One example he gives is how the media covered Simone Biles sexual assault case.

“Imagine if that was you and you were turning on the tv and every time you look, somebody else is talking about something you don’t want to think about. It was hurtful but she pushed passed this, she went to the Olympics in 2021 and she competed on the world stage that year with the mindset that she was going to compete for all sexual assault survivors. That weighed heavily on her” Mootry said.

Moorty says the way he presents his speech adds a lot to its quality.

“Since I didn’t grow up in theater or I didn’t grow up in public speaking I just don’t have those references. I am not saying that it’s a good thing or a bad thing but it’s just different. It’s like how you were saying, I sound like I was just talking but since I sound like I am just talking, people will listen more. Since I add a lot of care and emotion to the way I present my speeches, I feel like that also aids” Moorty said.

The night will end with a speech about algorithms in media by Blessing Smithly, a junior psychology major at SIU.

“When algorithm’s personalize content for their users, this can potentially create something called a filter bubble. A filter bubble is what occurs when algorithms are so personalized that they effectively only show the content that aligns with and confirms a user's preexisting perspective.

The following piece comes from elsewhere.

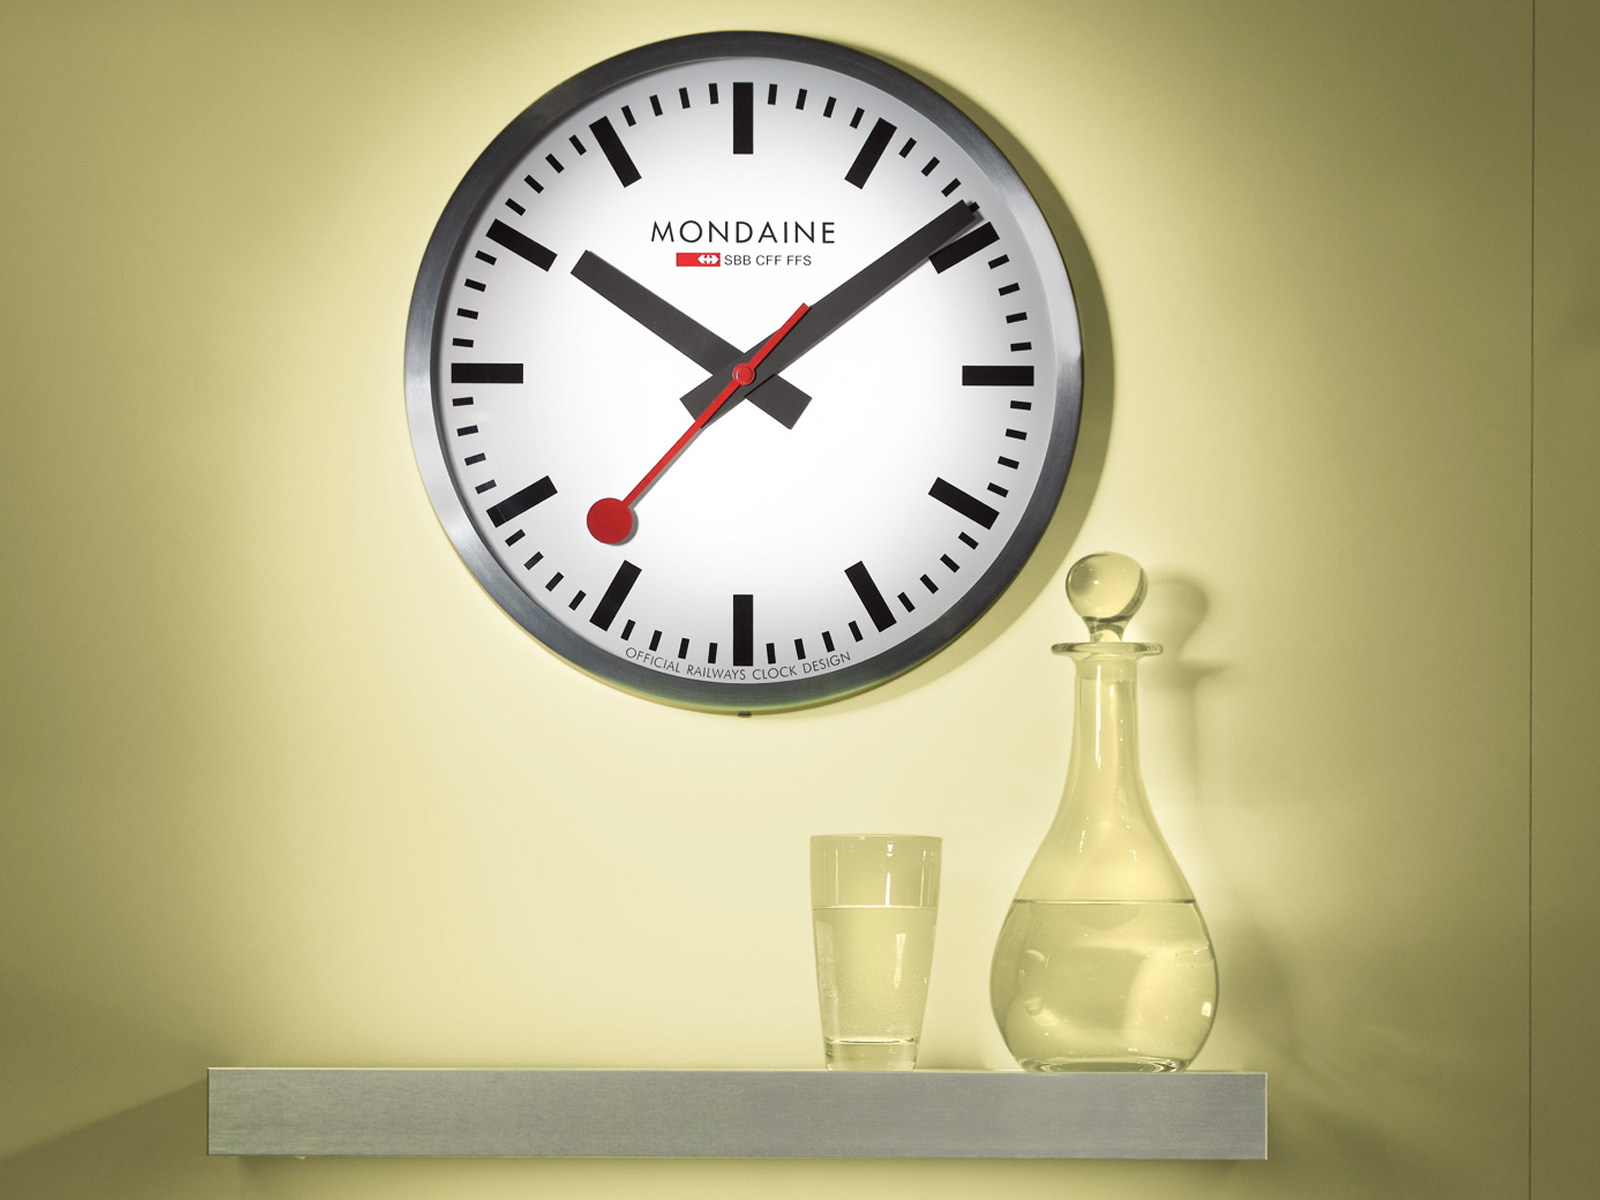 Mondaine-Railway-clock

This may isolate the user from diverse and contradictory perspectives” Smithly said.

Smithly says she is passionate about this topic because she is close to someone whom these algorithms have affected.

“It’s just something that I am passionate about because I have seen it happen in the lives of people that are really close to me and maybe if they were a little informed or aware about the potential dangers of this sort of thing then maybe it could have been avoided” Smithly said.

The speakers forum will be Thursday at 7 p.m. in the SIU Student Center Auditorium and will be catered by Cristaudo’s.